Une centaine de magasins Lidl restent encore fermés

Sur les 302 magasins que compte l’entreprise de distribution allemande (fondée en 1930) en Belgique, une centaine étaient encore fermés ce samedi matin. Les syndicats ont commencé à communiquer au personnel la proposition formulée la veille par la direction. Celle-ci vise à soulager la charge de travail sur le personnel, mais ne couvre que six mois dans l'attente de solutions structurelles. La proposition est soutenue par les syndicats chrétien et libéral, mais rejetée par l'organisation socialiste. "Nous avions proposé davantage que les syndicats ont réclamé. C’est très amer", réagit la direction de Lidl.

Une centaine de magasins Lidl sont fermés ce samedi, indique l'entreprise. Il s'agit du quatrième jour de grève au sein des magasins du hard discounter allemand. "Nos délégués sont actuellement sur le terrain pour informer le personnel, tandis qu'une consultation en ligne a été lancée", explique Johan Lippens, du syndicat chrétien LBC-NVK.

La direction a proposé vendredi un équivalent temps plein supplémentaire par magasin pour une durée de six mois. Pendant ce temps, syndicats et direction continueraient à négocier une solution structurelle. Le syndicat chrétien entend défendre la proposition devant ses affiliés.

"Quand vous voyez d'où l'on vient - la direction proposait seulement 8 heures supplémentaires par magasin - nous pouvons accepter cette dernière offre", explique Johan Lippens.

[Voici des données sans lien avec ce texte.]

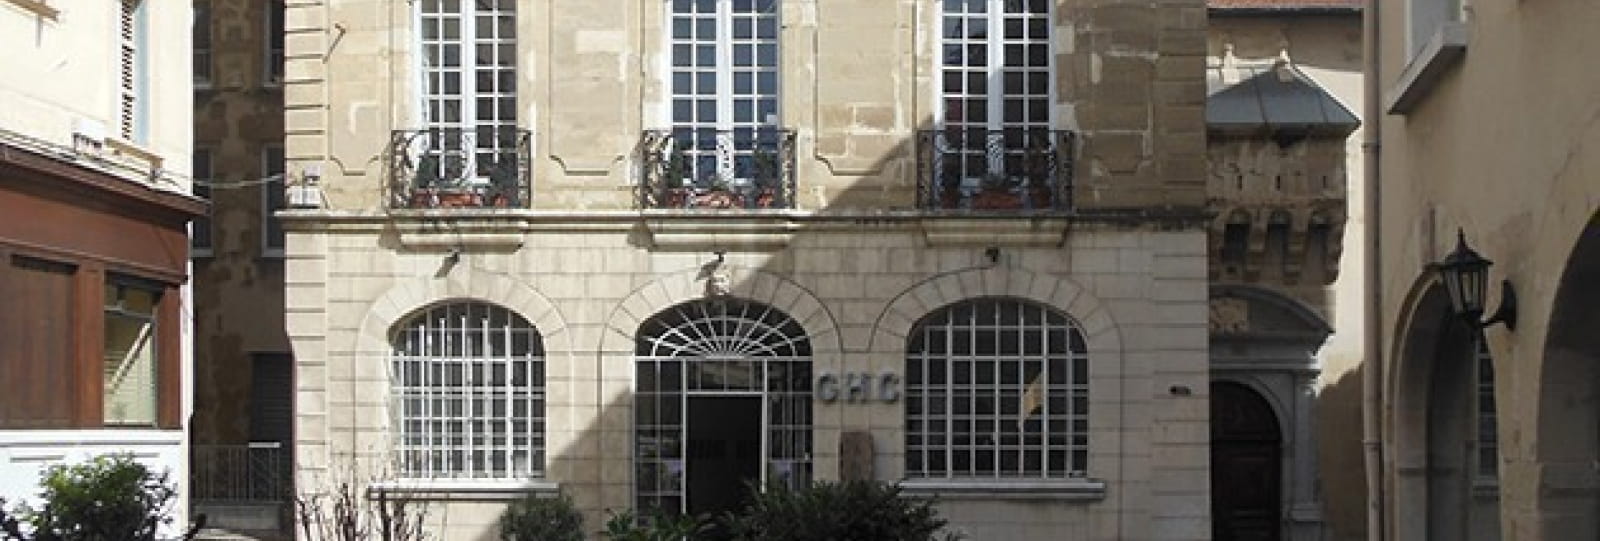 Hôtel de Clérieu

Les libéraux de la CGSLB soutiennent également les engagements obtenus dans la nuit de vendredi à samedi. "Nous informons le personnel", explique Thomas Vanbiervliet. "Nous pouvons accepter ce texte comme point de départ pour des négociations approfondies."

Le son de cloche est différent au sein du SETCa socialiste, qui a rejeté la proposition. "Le texte contient des avancées", admet Myriam Delmée, vice-présidente de l'organisation. "Mais nous déplorons que la proposition ne porte que sur six mois." Elle ajoute que le texte sera néanmoins présenté aux travailleurs, qui auront le dernier mot.

De son côté, la direction espère que les syndicats reviendront rapidement à la table des négociations, pour parvenir à un accord.